Favoritism. It happens everyday. We hide it sometimes like it doesn’t hurt but the reality of it is, that it does. My whole life I’ve strived to be the best person I can be. I work hard at anything I did, hold my tongue when necessary and help others in need at any cost.
I just hate when others favorite other people over me without a fair chance. I’m an outgoing person, I stick up for myself whenever others try and bring me down. I feel kinda downgraded right now, I feel like I’m not appreciated, like everything I’ve worked for was completely overlooked. Like somehow I just don’t matter, that I’m just another person that clocks in and leaves. All this time I thought I was doing things right, confident that I was giving my best work on a daily basis, apparently I was wrong. I’ve just lost the will to care anymore about things like that.
I kind of realized that all the great things, hard work and never-ending love we give will often be overlooked. At the end of the day GOD will never overlook anything we do. He loves ME for all I’ve done and he is the ONLY one at the end of the day who cares what I do and cares about just me in general. I dont really care whoever else recognizes it.
There’s a 1000 lessons to learn in life and each day is a new one to receive. I guess after stepping away from writing for a while and watching the movie tonight it kinda changes my perspective on things. We shouldn’t care if we’ll ever get recognition for all the good things we do, because the truth is that we should only do them to please God, to love others and to just do for others for the joy of it, anything in our lives we have to work hard for, for as long as I live the rest of my life I’m going to strive to make a difference in the world, without expecting a single thing or being recognized for it, I just want to change the world for the better is that so bad? “When The Game Stands Tall” taught me so much about brotherhood, love and the fight to keep on going even we get knocked down. So inspirational.
I’ll leave you with this.
"Have I not commanded you? Be strong and courageous. Do not be frightened, and do not be dismayed, for the Lord your God is with you wherever you go.”
I won’t give up, I will forgive and I will once and for all let go of ALL my expectations, I’ll be completely free from here on out.

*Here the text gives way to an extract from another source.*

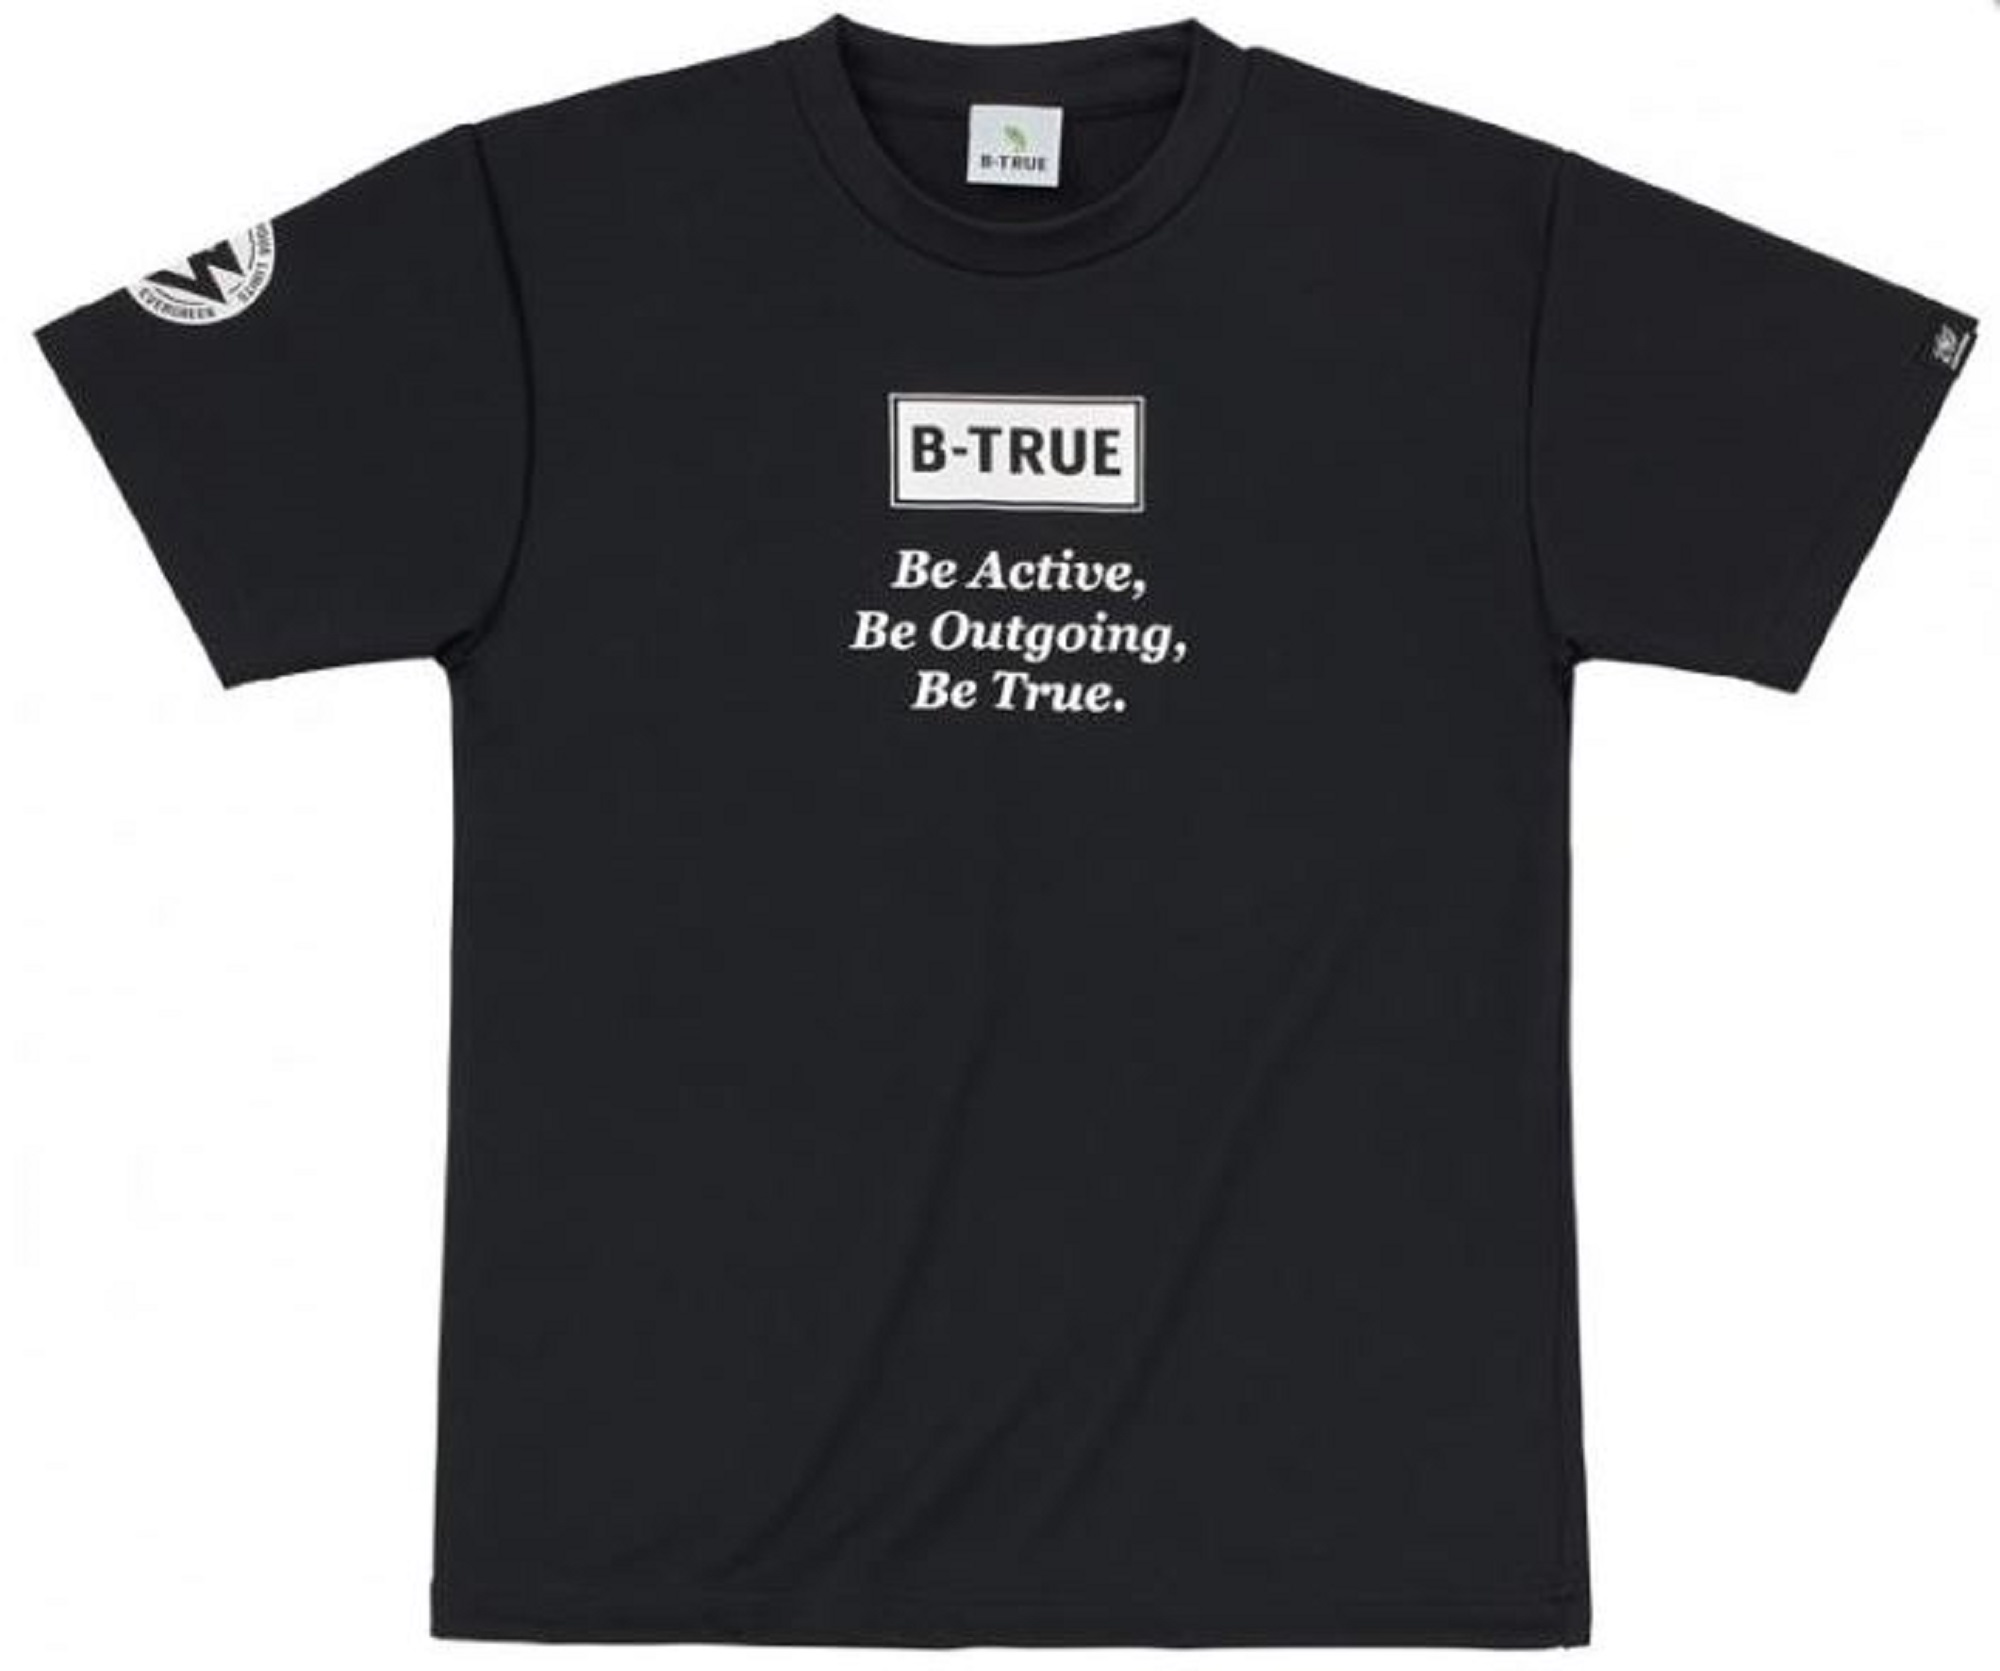 Evergreen T-Shirt Dry Fit Short Sleeve B-True D Type Size M Black (4814)

Awkward, lonely, fearful, scared, and worried. These are a few of the things we feel when we were growing up in adolescent childhood, specifically right around the age of 12. At the skating rink tonight’s I watched my little brother, I was reminded of all that seeing all the kids with each other, some I’m holding hands with others some, sitting alone and some just trying to be cool in front of their pals. I really don’t miss being at age but at the same time I must admit that I do. Back then I just worried about trying to please others, trying to be cool, trying to be just something. At 24 I just look at all that and just start laughing cause little do those kids know what’s about to hit them in their future years, one can warn them for what’s to come but we can’t prevent it. I would give anything in my power to prepare them for their troubles but no one did for me which I didn’t expect anyone too, and no one really could have. You see the one thing we have in common back when we were kids and right now is that all of us just want to be wanted by somebody or rather just want to feel whole. Too many people today, they just worry about what they’re going to do this day, what they’re going to do the next day, who they’re going to hang out with, who they’re going to be, what kind of clothes they’re going to wear, what job they’re going to have, what school they want to go to, what boy or girl there going to be with next, or even when they’re going to get married and have kids and start a family. Me on the other hand, after all these years, I’ve realized many things, one being that were not getting any younger so we might as well start living in the moment, we need to start loving unconditionally, not enough people do that. Some days I just wish I could rewind my childhood, my adolescents, mainly because I wish that I knew then what I know now, then again who doesn’t wish that right?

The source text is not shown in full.